Prêt : pas de devoir de mise en garde de la banque au profit du conjoint de la caution

Eu égard au contexte actuel de crise sanitaire et financière, une piqure de rappel nous a paru essentiel concernant le devoir de mise en garde en matière de contrat de cautionnement.

Ce devoir demeure directement lié à l’engagement de la caution qui mérite une protection spécifique en raison de la dangerosité du contrat de cautionnement. Mais qu’en est-il du conjoint de la caution qui a donné son consentement exprès ?

En effet, l’articulation du droit des régimes matrimoniaux et du droit du cautionnement est aussi l’occasion de contentieux. La Cour de cassation a eu à se prononcer récemment sur l’étendue du devoir de mise en garde (le 12 novembre 2020, n° Q 19-15.729), rappelant ainsi sa jurisprudence du 9 février 2016. Le conjoint qui, en application de l'article 1415 du code civil, donne son consentement exprès à l'acte de cautionnement souscrit par son époux n'est créancier d'aucune obligation d'information ou de mise en garde à l'égard de la banque bénéficiaire du cautionnement.

Au moment de la souscription d’un prêt, conformément aux dispositions de l’article 1415 du code civil, l’époux de la caution commun en biens doit intervenir à l’acte de cautionnement pour l’autoriser à engager les biens de la communauté. Cet article dispose que « Chacun des époux ne peut engager que ses biens propres et ses revenus, par un cautionnement ou un emprunt, à moins que ceux-ci n’aient été contractés avec le consentement exprès de l’autre conjoint qui, dans ce cas, n’engage pas ses biens propres ».

Une banque a consenti à une société une ouverture de crédit garantie par le cautionnement solidaire de son dirigeant et d’un associé, pour laquelle les épouses de ceux-ci ont consenti à l'engagement de leurs époux. La banque a assigné en paiement des sommes dues par la société, son dirigeant, l’associé et leurs épouses. Le dirigeant et son épouse ont invoqué différents manquements de la banque à leur égard. La cour d'appel de Reims a rejeté leur demande fondée sur l'obligation d'information et le devoir de mise en garde de la banque.

Il a été interjeté appel au motif que le banquier dispensateur de crédit qui sollicite une extension de l'assiette de sa garantie sur les biens communs des époux est tenu d'une obligation d'information et de mise en garde à l'égard du conjoint qui donne son consentement exprès à l'acte de cautionnement souscrit par son époux La Cour de cassation, après avoir énoncé que le consentement d’une épouse au cautionnement donné par son mari en garantie des dettes d’une société, en application de l'article 1415 du Code civil, n'a pas eu pour effet de lui conférer la qualité de partie à l'acte et qu'aucune disposition législative ou réglementaire n'impose au créancier bénéficiaire du cautionnement de fournir des informations ou une mise en garde au conjoint de son cocontractant, préalablement à son consentement exprès, a validé que la banque n’est pas tenue d’un devoir d’information ou de mise en garde à l’égard du conjoint de la caution.

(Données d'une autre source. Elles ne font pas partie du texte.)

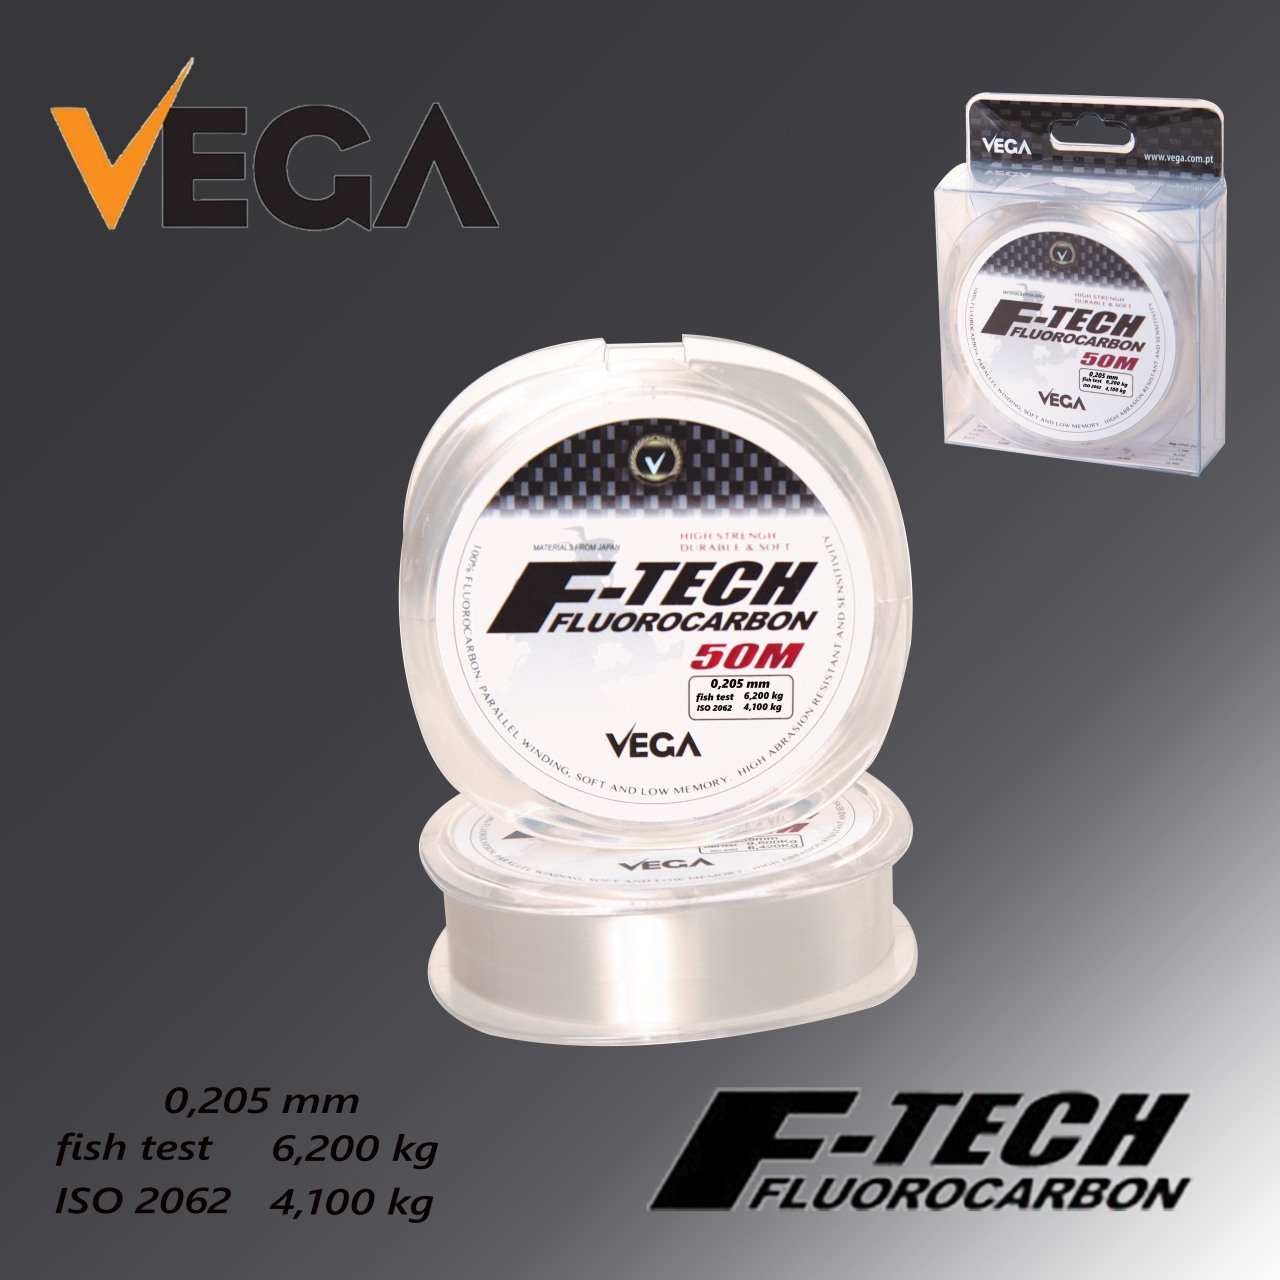 Vega F-Tech Fluorocarbon 50mt 0,205 mm Misina

Le raisonnement ainsi développé nous semble juridiquement justifié. Il est en effet certain que le simple consentement exprès formulé par le conjoint ne peut en aucun cas permettre de considérer que ce même conjoint est titulaire de la qualité de partie à l’acte conclu.

L’acte de cautionnement, en tant que contrat unilatéral, n’impose des obligations qu’à la caution, le créancier, par l’établissement bancaire. De ce fait, la banque n’est tenu que de mettre en garde le garant, au seul bénéfice de son cocontractant, non le conjoint, tiers à la sûreté conclue.

D’aucuns estiment ce raisonnement surprenant si l’on se réfère à une tendance jurisprudentielle relative au développement du devoir de mise en garde au bénéfice des cautions dirigeantes. On aurait ainsi pu penser que le conjoint puisse également bénéficier d’un tel devoir.

Il est donc intéressant de rester attentif à l’évolution du fondement du devoir de mise en garde…. En résumé, il n’en demeure pas moins qu’aujourd’hui, il faut retenir que le consentement donné par le conjoint ne lui conférant pas la qualité de partie à l’acte de cautionnement, la banque n’est tenue à aucune obligation d’information ou de mise en garde à son égard.